▶ [INSTRUCTIONS TO FOLLOW]:
Within the material below, transcribe exactly the lines from the one holding "A lot of MiNi" through the one holding "9️⃣ Candlelight In The Da", keeping both ends and skipping the rest.

▶ [THE DATA]:
========================================

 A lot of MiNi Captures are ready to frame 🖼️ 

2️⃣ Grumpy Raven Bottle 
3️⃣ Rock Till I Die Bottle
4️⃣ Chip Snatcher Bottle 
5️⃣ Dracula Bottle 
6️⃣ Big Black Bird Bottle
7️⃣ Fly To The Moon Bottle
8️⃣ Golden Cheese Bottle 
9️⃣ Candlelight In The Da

========================================

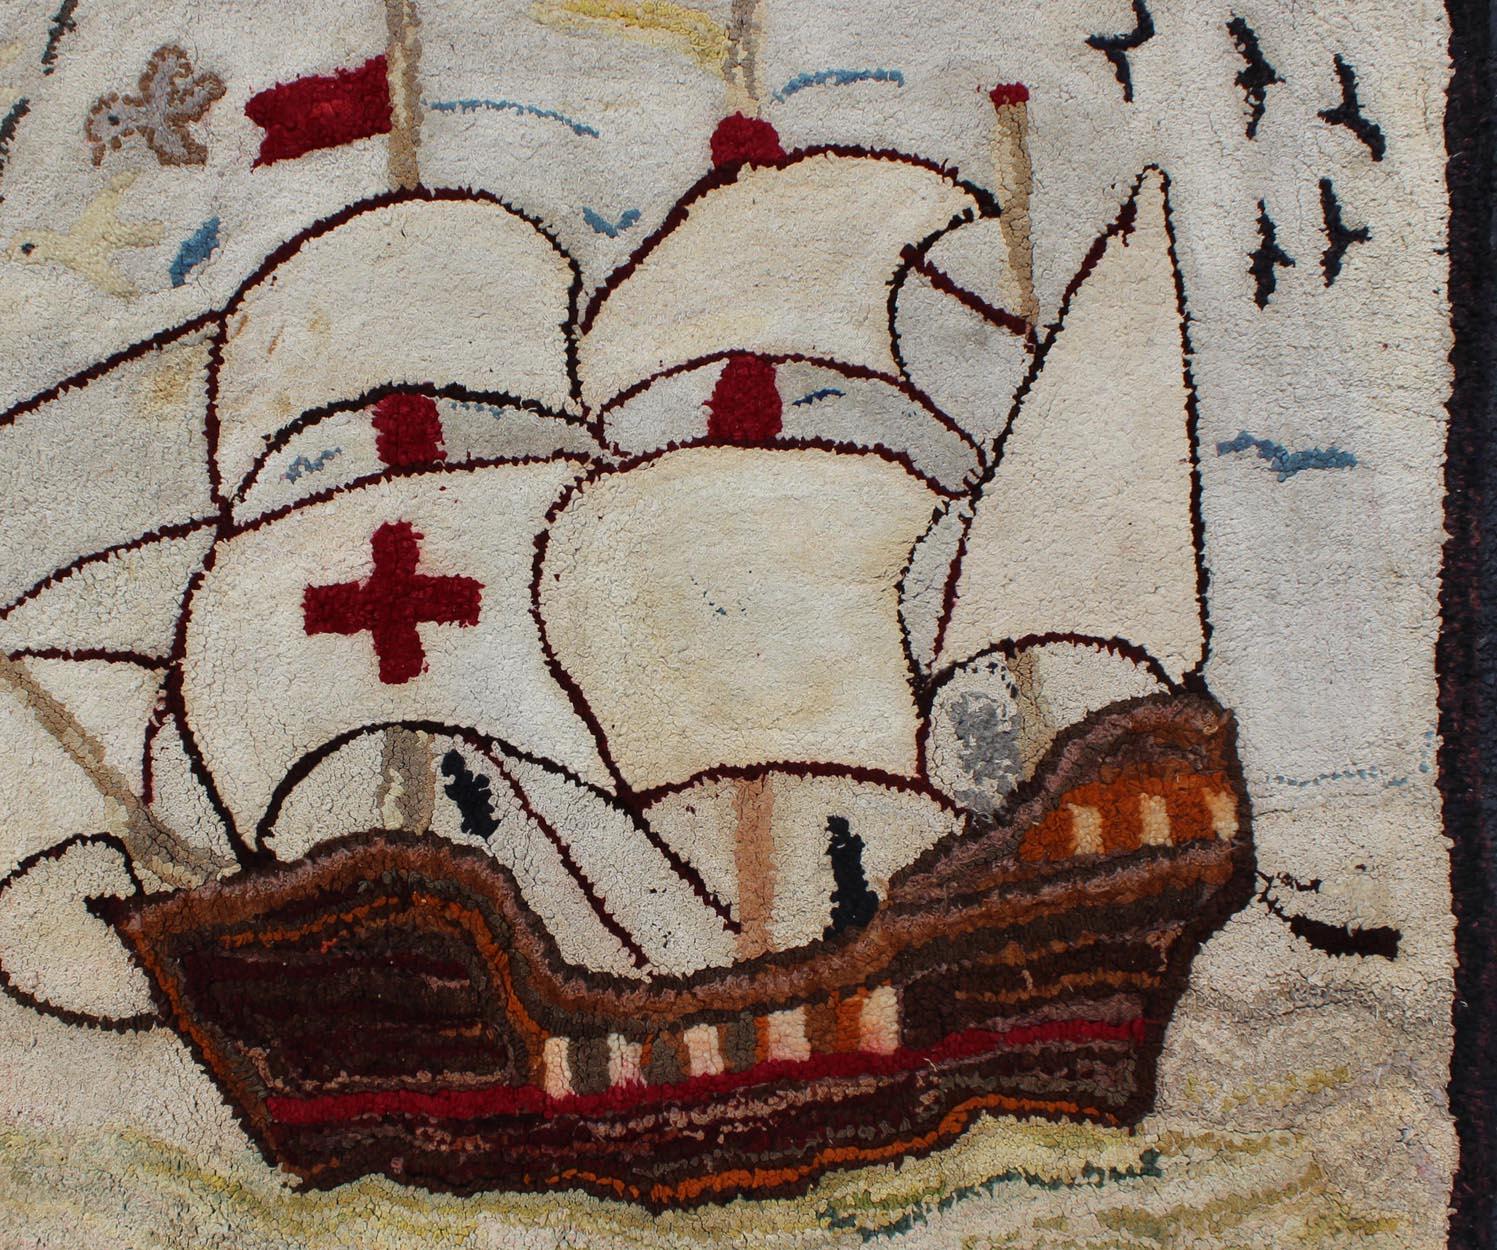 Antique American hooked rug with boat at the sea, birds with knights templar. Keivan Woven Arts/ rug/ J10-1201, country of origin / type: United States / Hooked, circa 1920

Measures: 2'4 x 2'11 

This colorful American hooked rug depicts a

========================================

▶ [RESPONSE BOX]:
 A lot of MiNi Captures are ready to frame 🖼️ 

2️⃣ Grumpy Raven Bottle 
3️⃣ Rock Till I Die Bottle
4️⃣ Chip Snatcher Bottle 
5️⃣ Dracula Bottle 
6️⃣ Big Black Bird Bottle
7️⃣ Fly To The Moon Bottle
8️⃣ Golden Cheese Bottle 
9️⃣ Candlelight In The Da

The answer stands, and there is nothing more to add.